10 Tips to Visiting Wine Country

10 Tips for Visiting Wine Country Featured

You’re ready to visit Napa Valley or Sonoma Wine Country, but are you ready to make the most of your trip? If you’ve hired us to be your wine country driver, you’ve got most of this covered already… if not, read on.

Here are 10 tips to help you do just that:

10 Tips for Visiting Wine Country - Hire Driver1. Hire a driver. Even if you’re careful, you’ll drink more wine than you realize. Not only is hiring a driver imperative to the safety of those with and around you, a DUI will give you unwanted wine country memories for years to come. Also, a good driver will know their way around and will likely help you with planning your trip.

2. Plan ahead. This is very important. Wine country is very spread out and what looks like a short distance on a map could take a significant amount of travel time. Also, many of the places you’ll want to visit likely require an appointment. In fact, some of the most sought after properties are booked months in advance. Having a plan before your tour day will make for a much more relaxing experience. The Napa Valley Vintners and the Sonoma County Vintners both have online tools to help with planning visits to wine country.

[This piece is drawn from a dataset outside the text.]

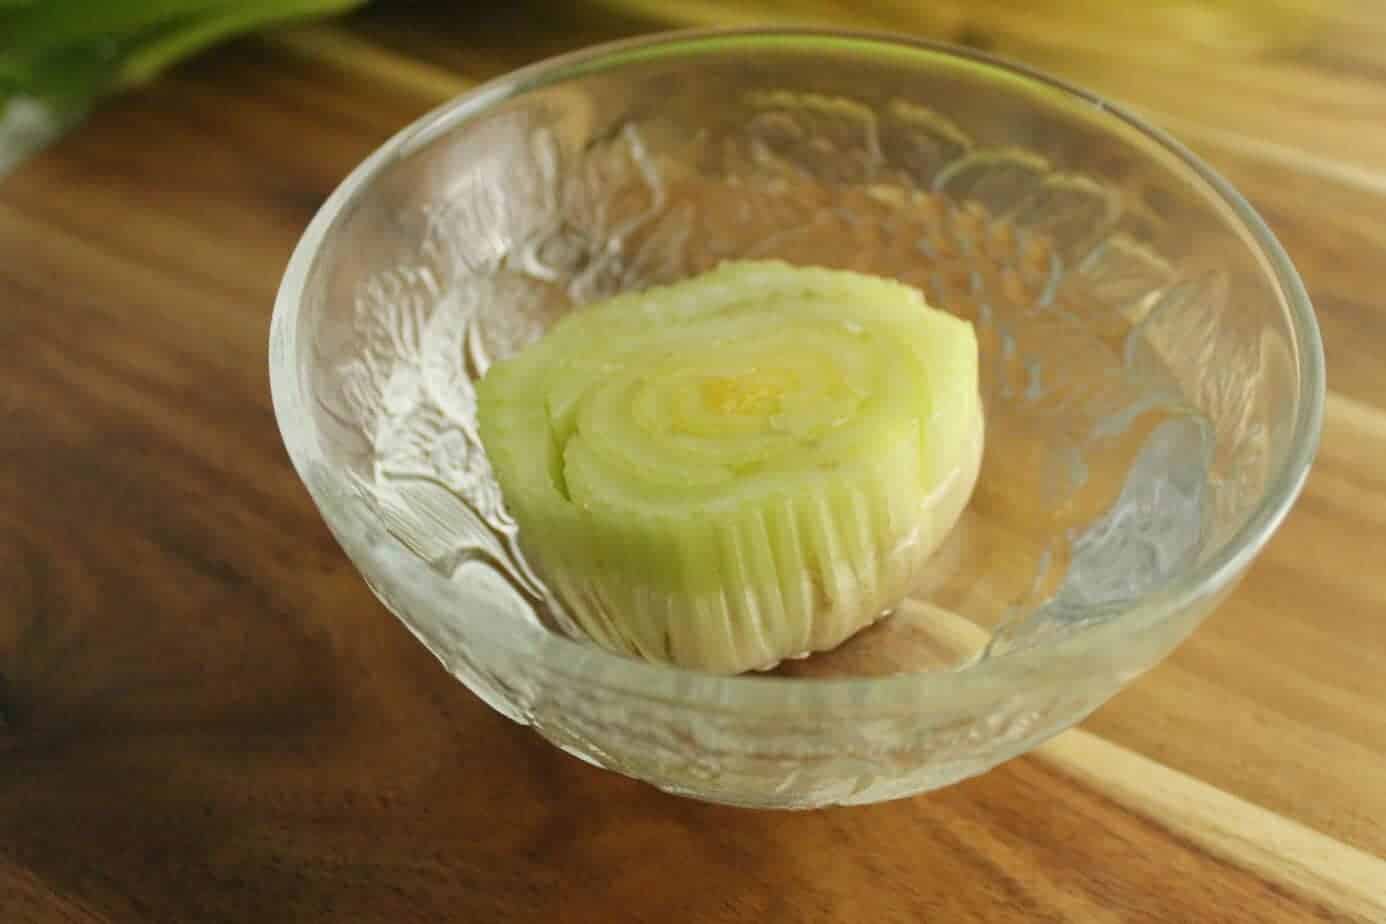 How to re-grow celery at home

3. Don’t do too much. Even if you planned carefully, it’s very difficult to really enjoy more than five wineries a day. You want to have time to wander, talk to people in tasting rooms and have a nice lunch (ideally, a picnic at a winery you’re visiting). We recommend making no more than three appointments, spread out through the day, this will keep you from rushing any of your tastings and will leave plenty of time to stop by properties that don’t need an appointment.

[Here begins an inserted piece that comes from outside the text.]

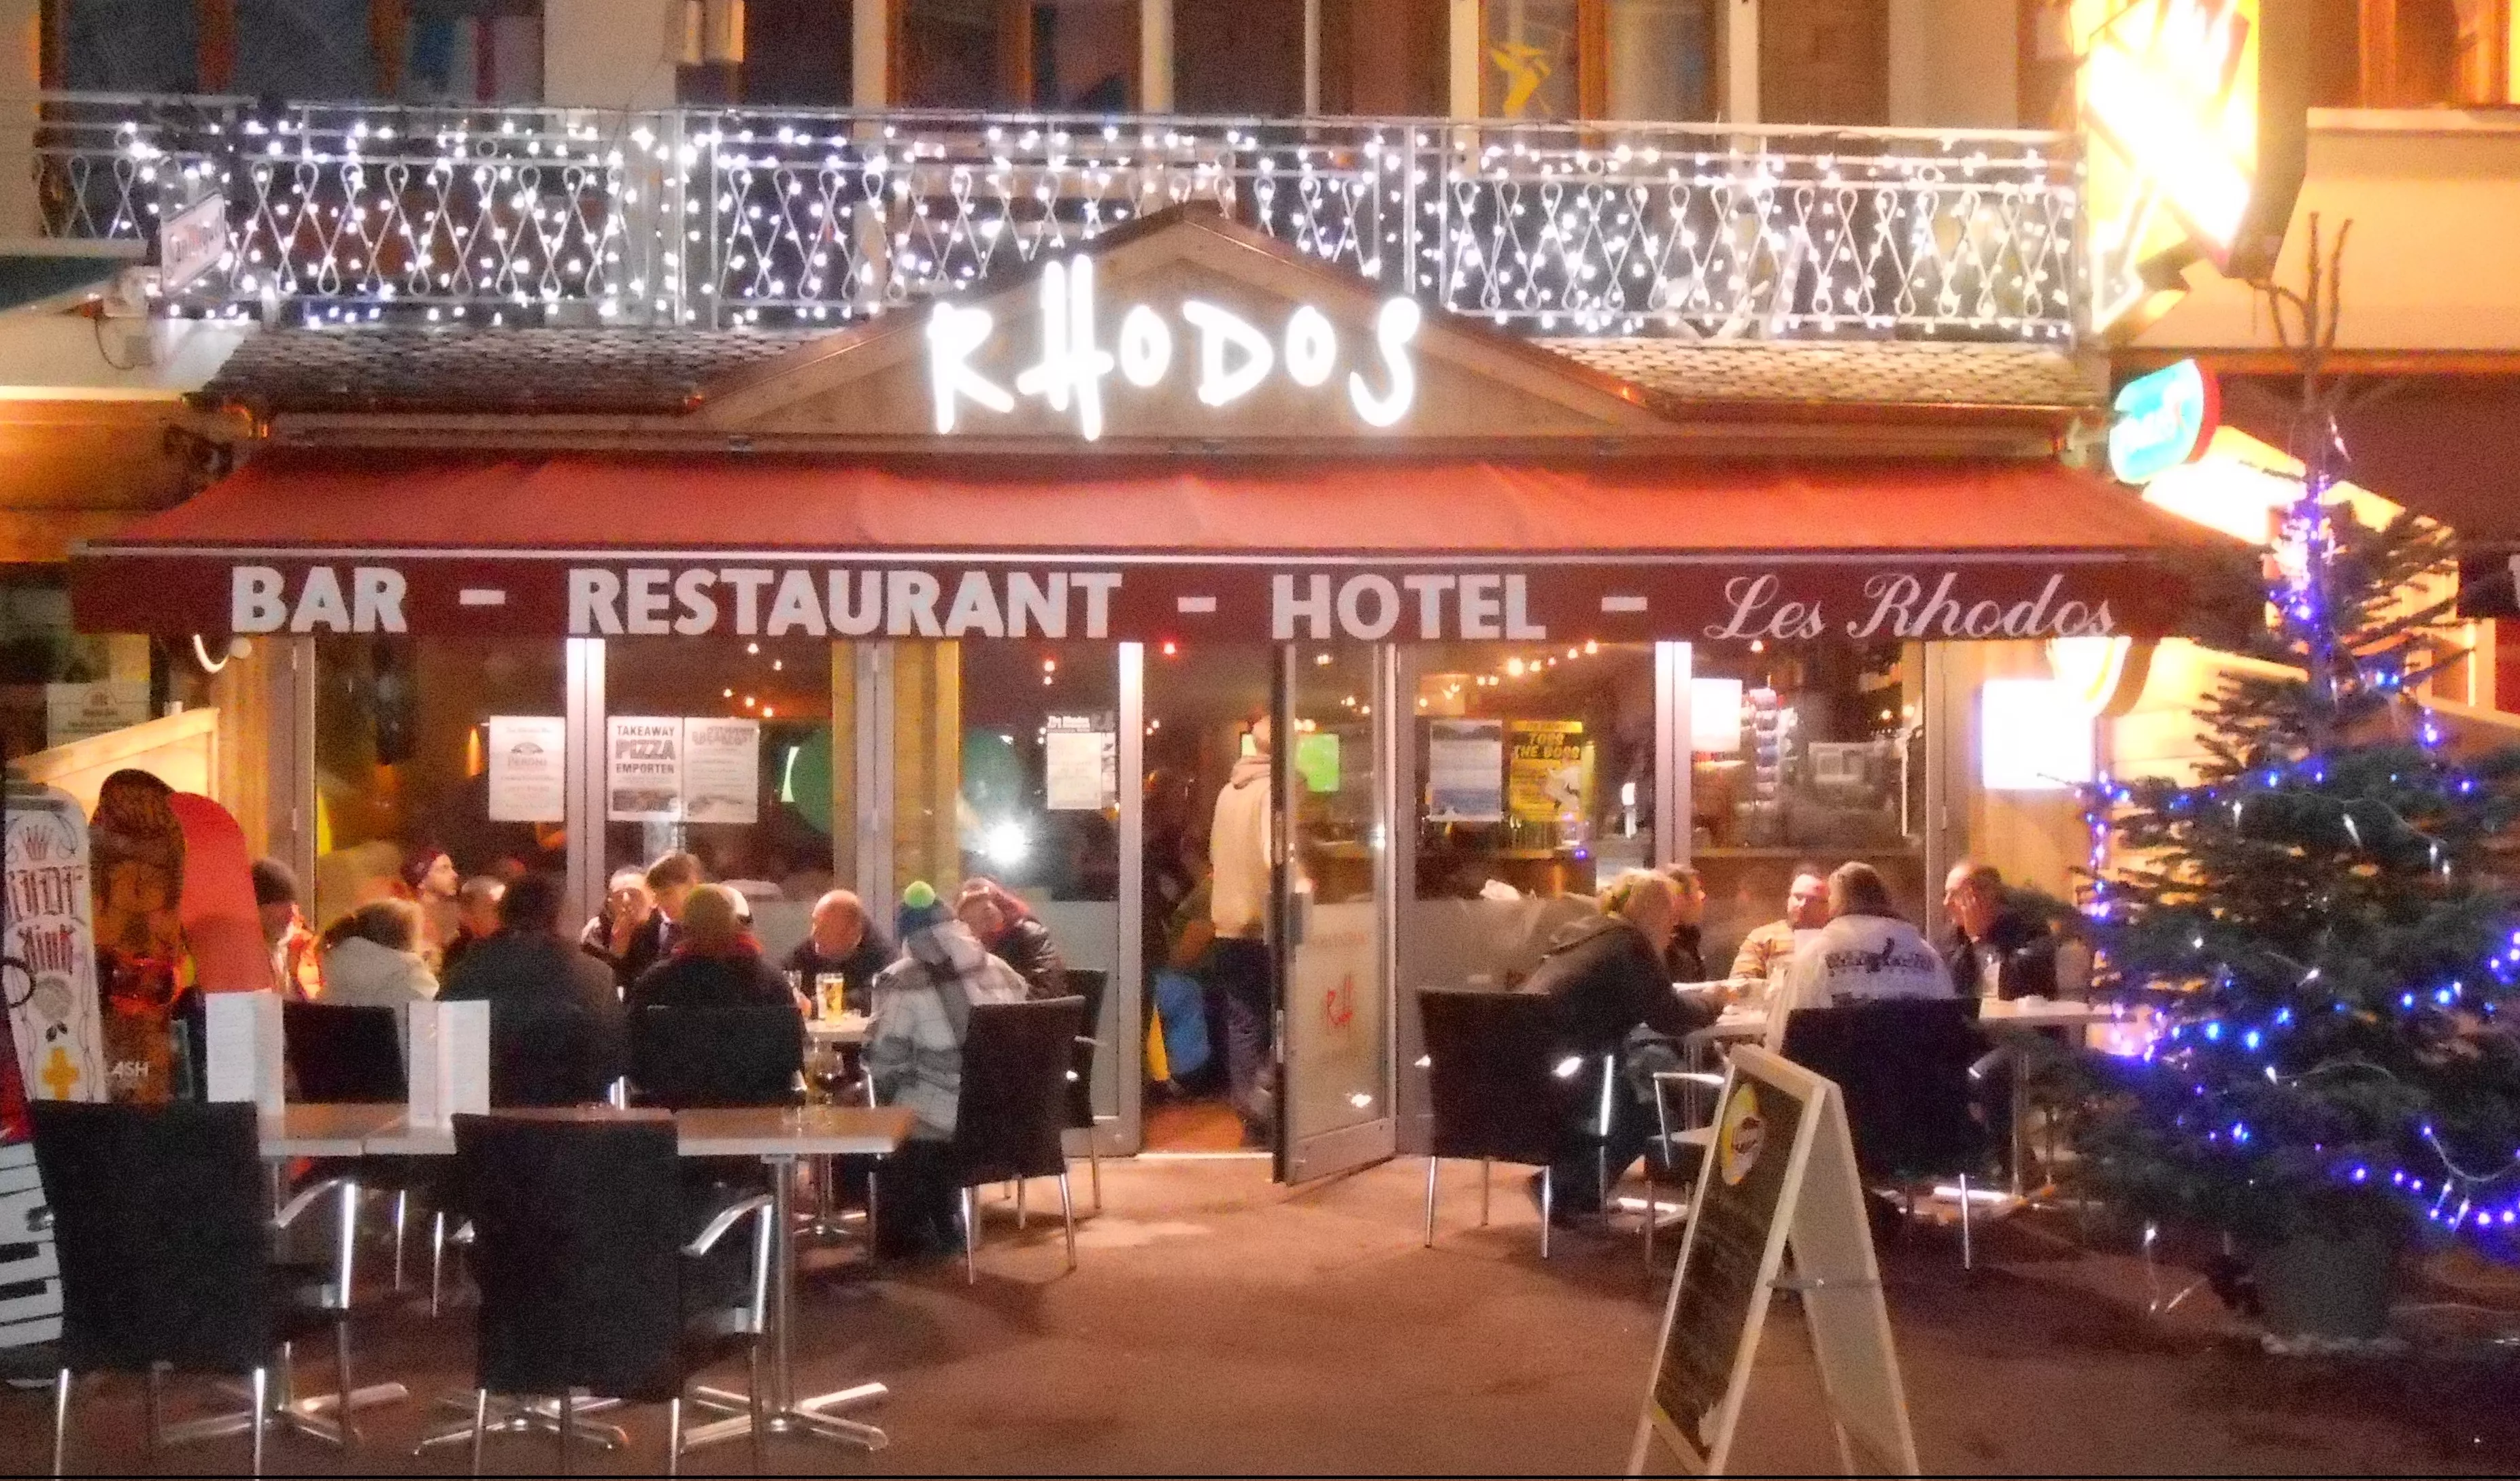 Les Rhodos Bar in France, Europe | Restaurants,Bars - Rated 0.8

10 Tips for Visiting Wine Country - Share Tasting4. Start early. Most wineries open around 10 a.m., and that’s when you should start too (no excuse needed to start drinking before noon). You’ll find wineries get busier throughout the day and the personal attention you’ll receive from winery staff may wane as the crowds increase. Also, most wineries close around 5 p.m. so you’ll want to be wrapping up your wine tasting day when they are. Too often we see people get a late start and are surprised that wineries aren’t open later. One thing to note, urban tasting rooms are open later.

5. It’s OK to share. If you are wine tasting with someone with whom you are close, share a single tasting. This keeps the cost down in tasting rooms where there is a charge. Many visitors do this, so don’t be shy about it. This is also a great way of avoiding over indulgence. If you have booked an actual wine tour, you won’t likely be able to skip the extra fee since tours usually have limited space and require payment for each person touring.

6. Get outside the box. Most wineries offer tastes of small-production wines that never leave the tasting room, reserve wines or library wines that have been aged. Forget the goto Chardonnay, this is your chance to try something new, with minimal risk. Ask if there is something that’s only sold at the winery.

7. Take notes. If you make it to five wineries and try multiple wines at each winery, it’s unlikely you’ll remember the name of that single vineyard Pinot you loved in the morning. As a minimum, use your phone to snap pictures of labels as a way to help you remember or maybe you have a favorite wine app to help with this.

10 Tips for Visiting Wine Country - Simply Driven8. Pour out what you don’t drink. Don’t feel that you need to drink everything in the glass (even if two of you are sharing a glass). If you are going to enjoy the many wines you might sample during the day, this is important. There are spit buckets on the counter for just this purpose, and no one will be offended if you pour out.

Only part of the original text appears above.